Hi All, I have been trying to fetch the reads mapped to influenza virus genome (negative sense RNA) in an RNA seq. data from chicken infection experiment that I have recently done., using Fastq screen (https://www.bioinformatics.babraham.ac.uk/projects/fastq_screen/). It is a nice tool, where you can edit the configuration file (by adding database/s to screen against, an aligner. I have used two aligner, the BWA and the Bowtie2, have indexed the genomes of the 3- databases (mice as a control negative, chicken, and influenza virus of the same strain used for infection plus another reference strain). The indexing was correct:
bwa index Guangdong_HA
bowtie2-build Guangdong_HA.fasta Guangdong_HA
Then I run Fastq screen : here I used bwa, but have done this for bowtie2 and I am telling the tools to align my fastq file (infected at 6 hpi) against the 3-databases.
FastQ-Screen-0.15.3/fastq_screen --aligner bwa /mnt/lustre/RDS-live/samir/ephemeral/Infection_expe/fastq/Ross-6h-A_R1_trimmed.fastq
I have done the same for fasta file that are produced from STAR alignment basically after removing the reads aligned to the chicken genome.
FastQ-Screen-0.15.3/fastq_screen --aligner bwa /mnt/lustre/RDS-live/samir/ephemeral/Infection_expe/fastq/unmapped_fastq/Ross_6h_A1Unmapped.out.mate1.fastq
I have run this for also infection at 12 hpi, I obtained nice mapping to chicken, no unique mapping to mice and no mapping to any of the flu RNA databases, see below
I am sure it is something in the aligner: Did bwa aligner works when aligning RNA (my samples) against RNA (the flu database) ? Did Bowtie2 did the same ?
Could any of you explain to me why do not I have reads mapped to the virus. Peoples who done the infection told they have nicely infected the samples.
Thanks
Thanks for your comments: (1) there was no viral RNA in the sample you collected: this is something we can not validate unless we run RT-qPCR on the sample, which is not feasible at the moment, but could be underpowered infection, because it is actually infecting chicken egg.

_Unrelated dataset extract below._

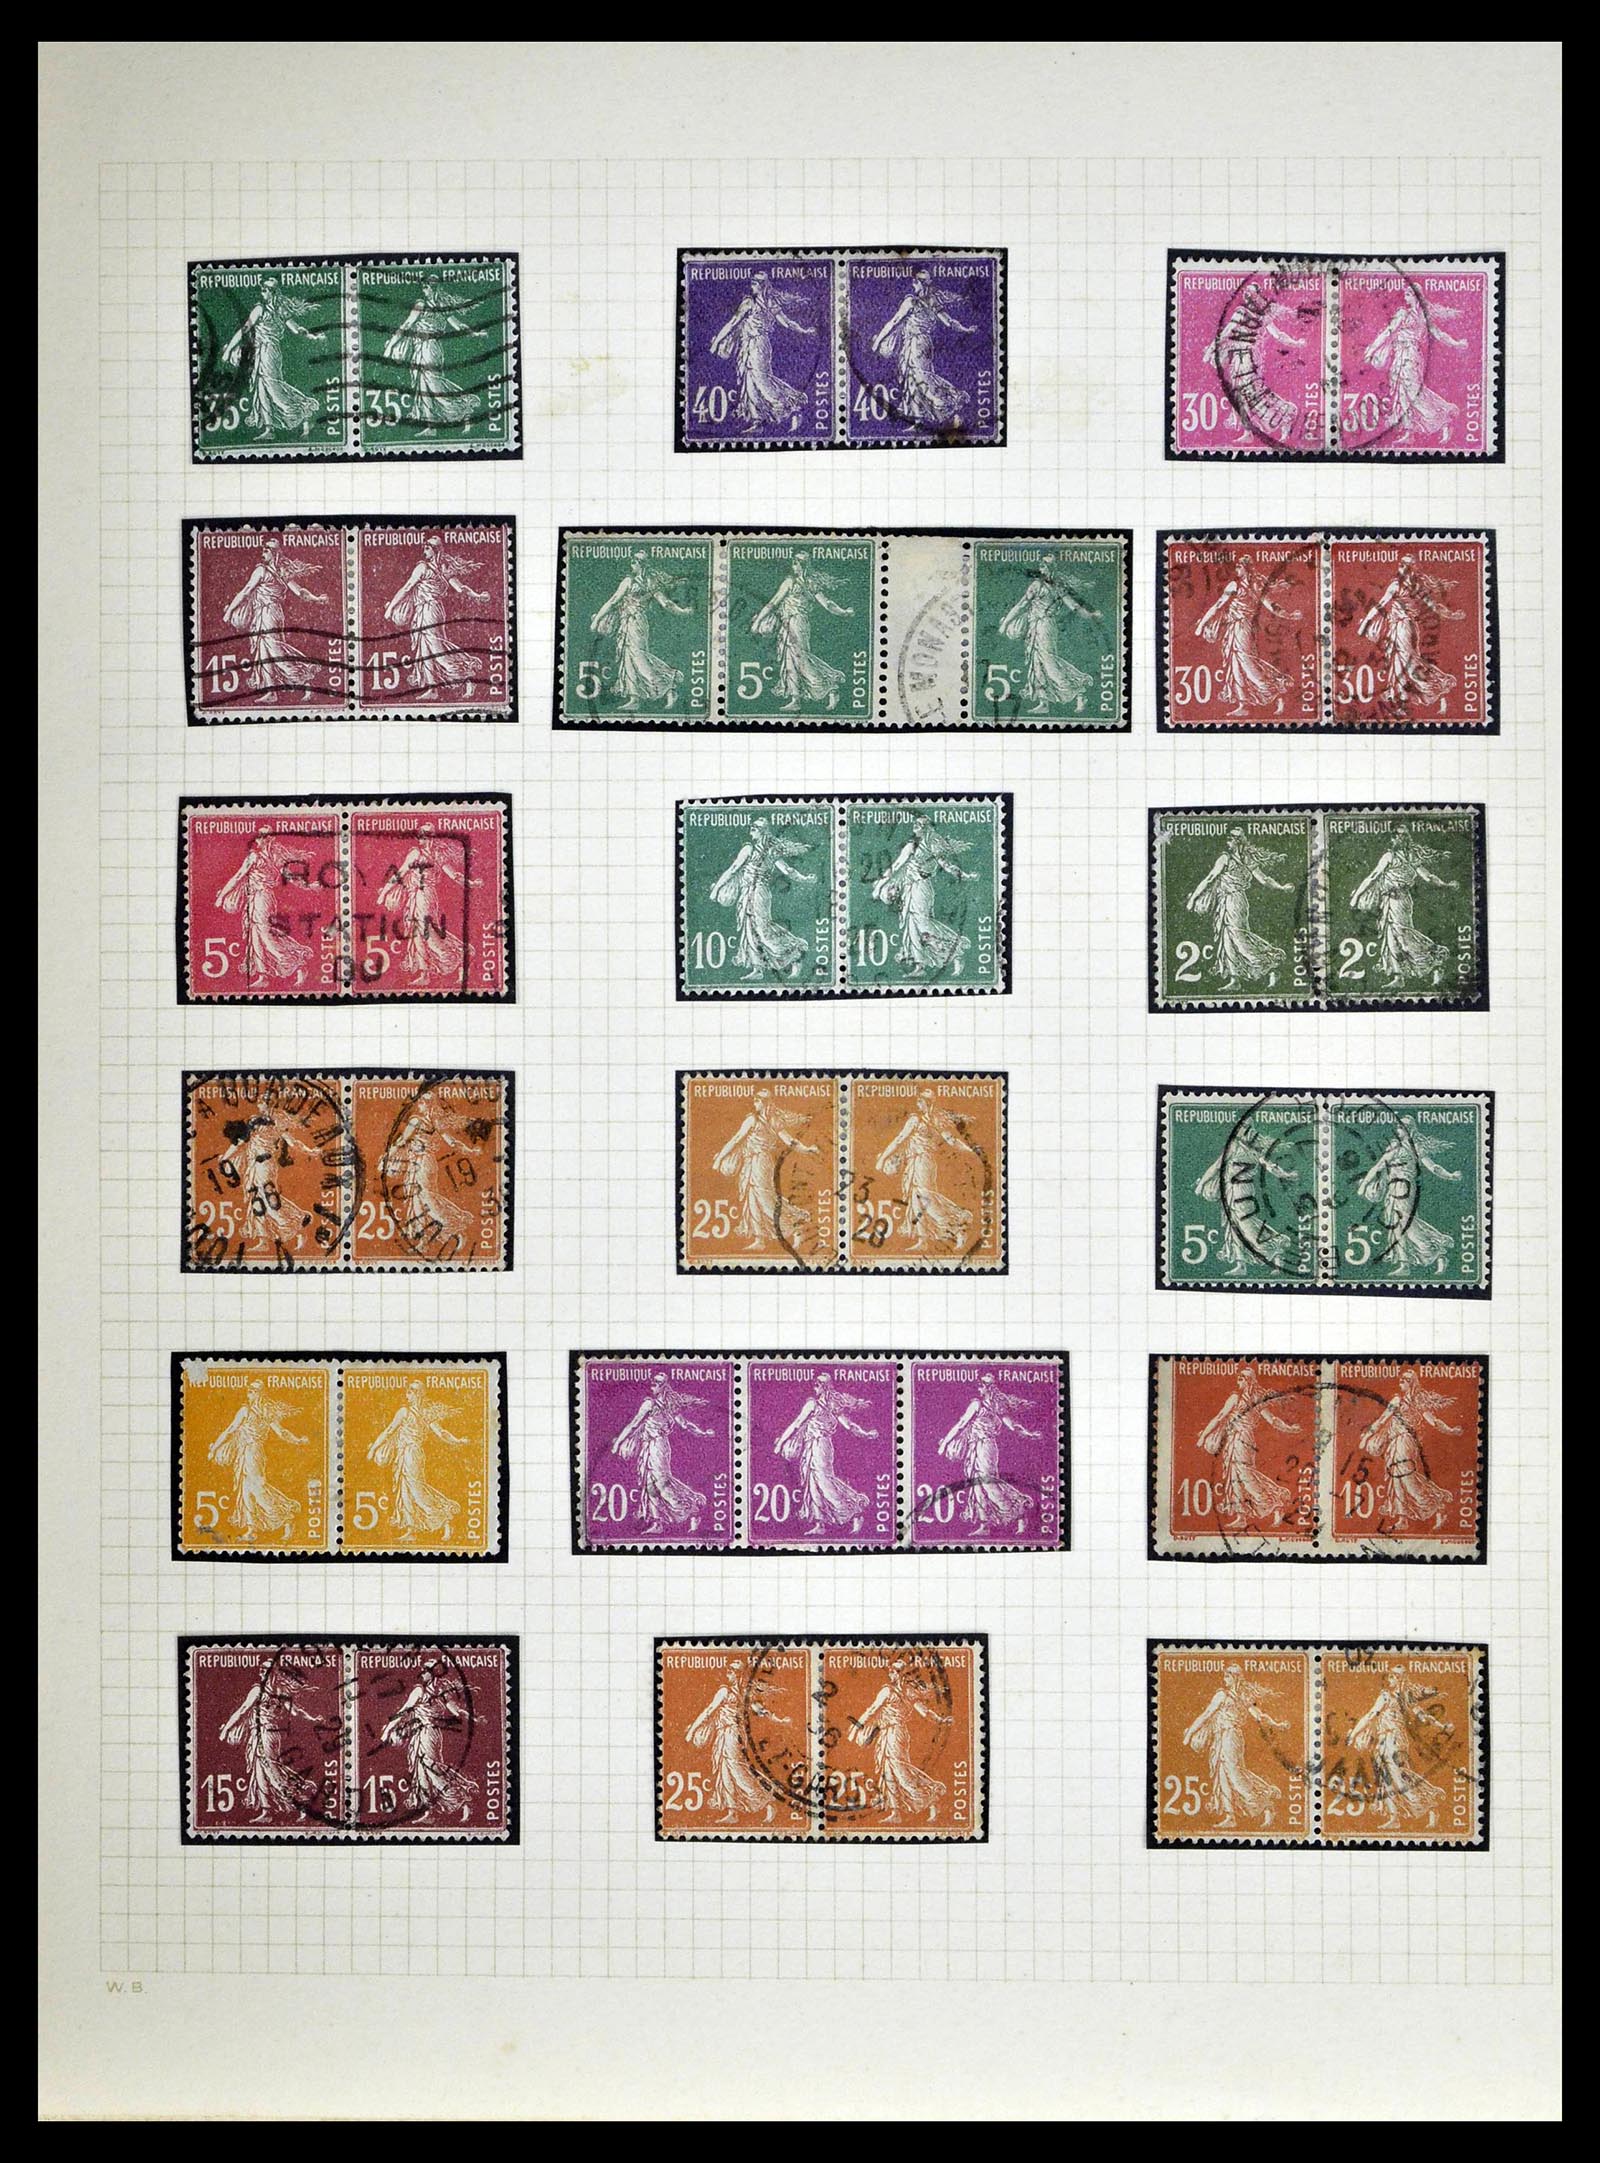 39329 0060 - Stamp collection 39329 France Semeuse.

(2) a lack of sequencing depth precluded you from identifying any viral RNA that might have been in your sample; we run 40 X million read depth, which is high, Do you think using blast search could get me any remnants if the seq depth was not high enough to capture virus ?
or (3) the viral reference segments do not match closely enough to the viral RNA in your sample: I do not think so, because I run the alignment against the actual virus that was used in the infection. there might be changes during the infection itself, that is why I align it also against a reference influenza strain, which also did not produce any hits as well.
A general last question: do you think the polyA enrichment during the sequencing could preclude detection the virus reads as they are not polyadenylated.
(1) Propogating an influenza virus in embryonated chicken eggs is a common practice for enrichment purposes, but it does not look like it was effective based on the graphs you are showing and without confirmation of the virus using qPCR or a hemagglutination assay.
(2) If the sequencing depth was not high enough to capture the virus, BLAST will not be able to find it. I guess my point was to take the reads that did not map to anything and then BLAST them to see what hits you get. You may get hits to a viral segment not currently represented in your reference database, e.g., PB (segment 3), NA (segment 4) or NS1/NS2 (segment 8) or human/bacterial background DNA.
(3) This sounds fine. Try adding in the other segments if they are available, i.e., those representing the polymerase, neuraminidase and non-structural proteins.
I do not have an educated opinion about your last question.